Weston Gallery PO Box 655, Sixth Ave and Dolores St CA93921 Carmel États-Unis
The attitude that nature is chaotic and that the artist puts order into it is a very absurd point of view, I think.
All that we can hope for is to put some order into ourselves.”
~ Willem de Kooning
At the age of 12, Lake Michigan was Chip Hooper’s Pacific Ocean. Growing up in the mid-west, with an overriding sense of transience, in 1988, the artist moved to the Monterey Peninsula where, he discovered the Big Sur coast and at the age of 26, finally came home.
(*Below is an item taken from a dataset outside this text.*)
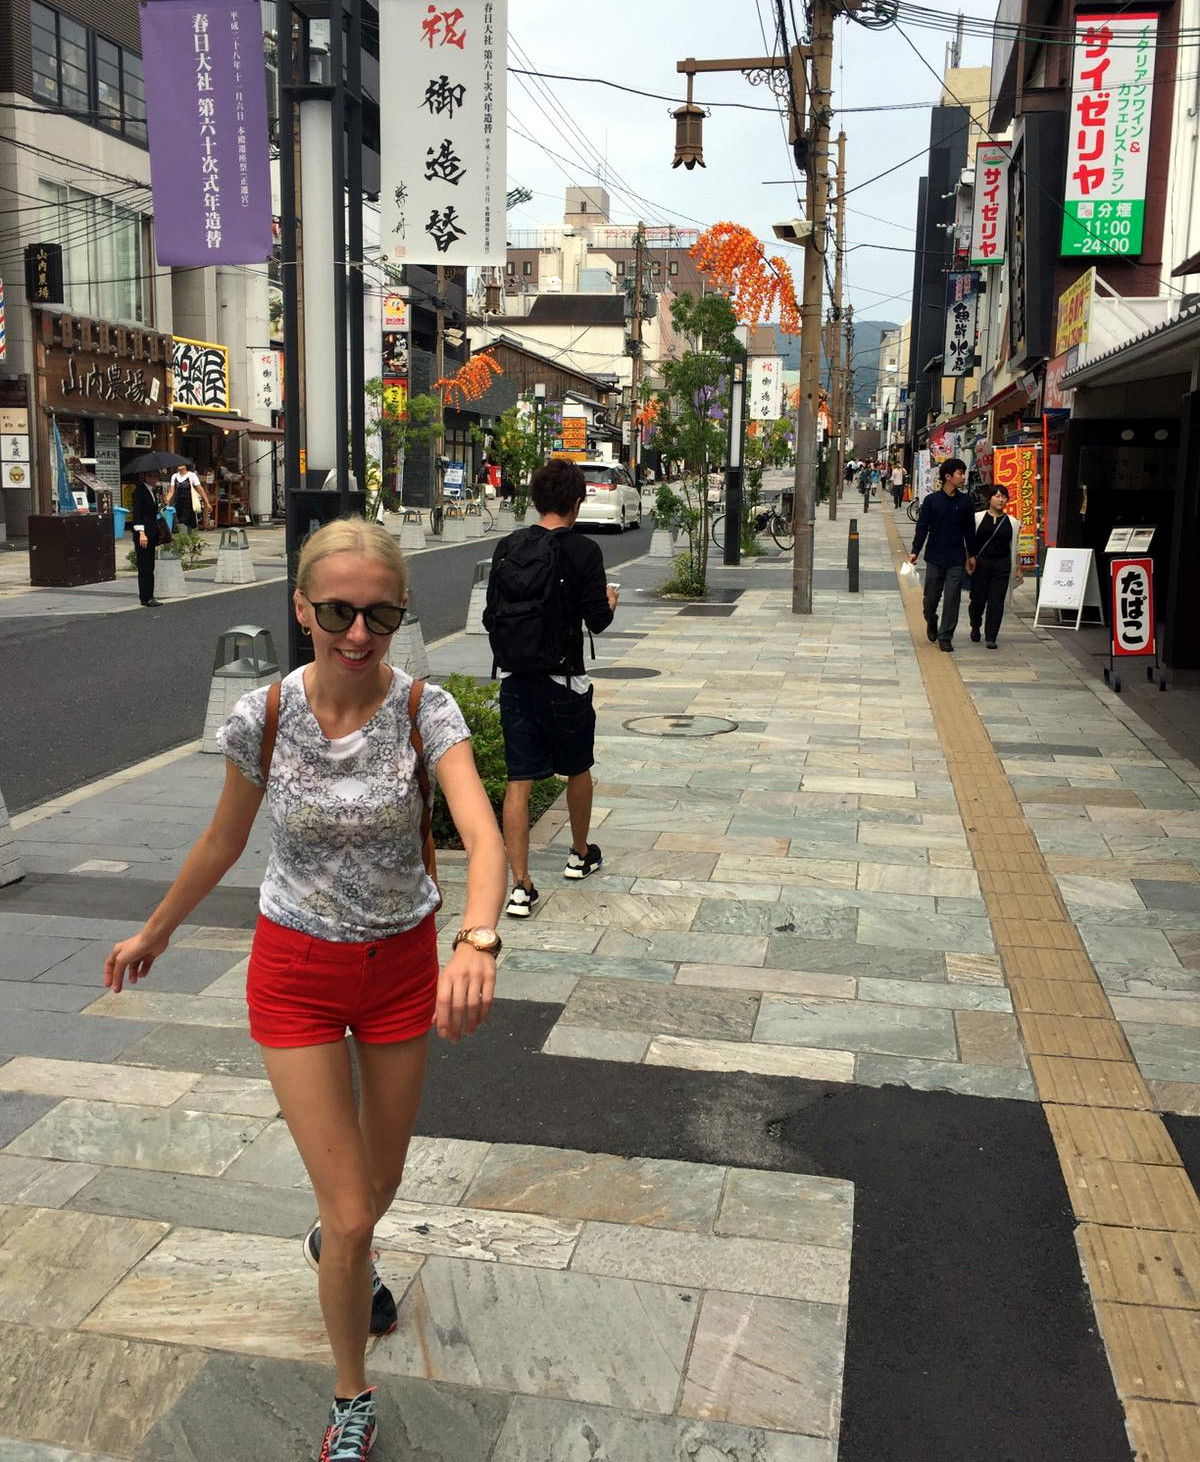 japonia nara miasto ulice iglawpodrozy

“Surf” is Hooper’s most recent chapter of his many years of study and love for his lifelong subject, the ocean. He made his first photograph for this series in 2003, inspired by a seminal moment with a close artist friend who gave Hooper this advice:
“When you’ve finished making a picture you’re excited about, look up, look down, look left and right, and behind you, and sit with your emotions, take it in. That’s when you might find something new”. It was on the Big Sur coast in 2003 that Hooper did just that; observing the surface of the ocean, the turbulent ebb and flow of the raw sea and made what would be the first of the Surf Series, Surf #1082.
While Hooper’s earlier series, California’s Pacific is ongoing, New Zealand’s South Pacific & Tasman Sea took only two years culminate, the Surf Series is a 10 year intimate study of a highly personal exploration along the Mendocino, Sonoma and Big Sur coasts. These photographs are symbols, each of a journey captured in a fleeting moment, no longer than a second in time, but lasting indefinitely.
For this series, Hooper has stepped out from under the f/64 umbrella which was influential to his early work, taking on a new perspective with his large-format 8 x 10 inch view camera. He clearly draws inspiration from his recent study of the post-World War II abstract expressionists including Jackson Pollack, Mark Rothko and Willem de Kooning.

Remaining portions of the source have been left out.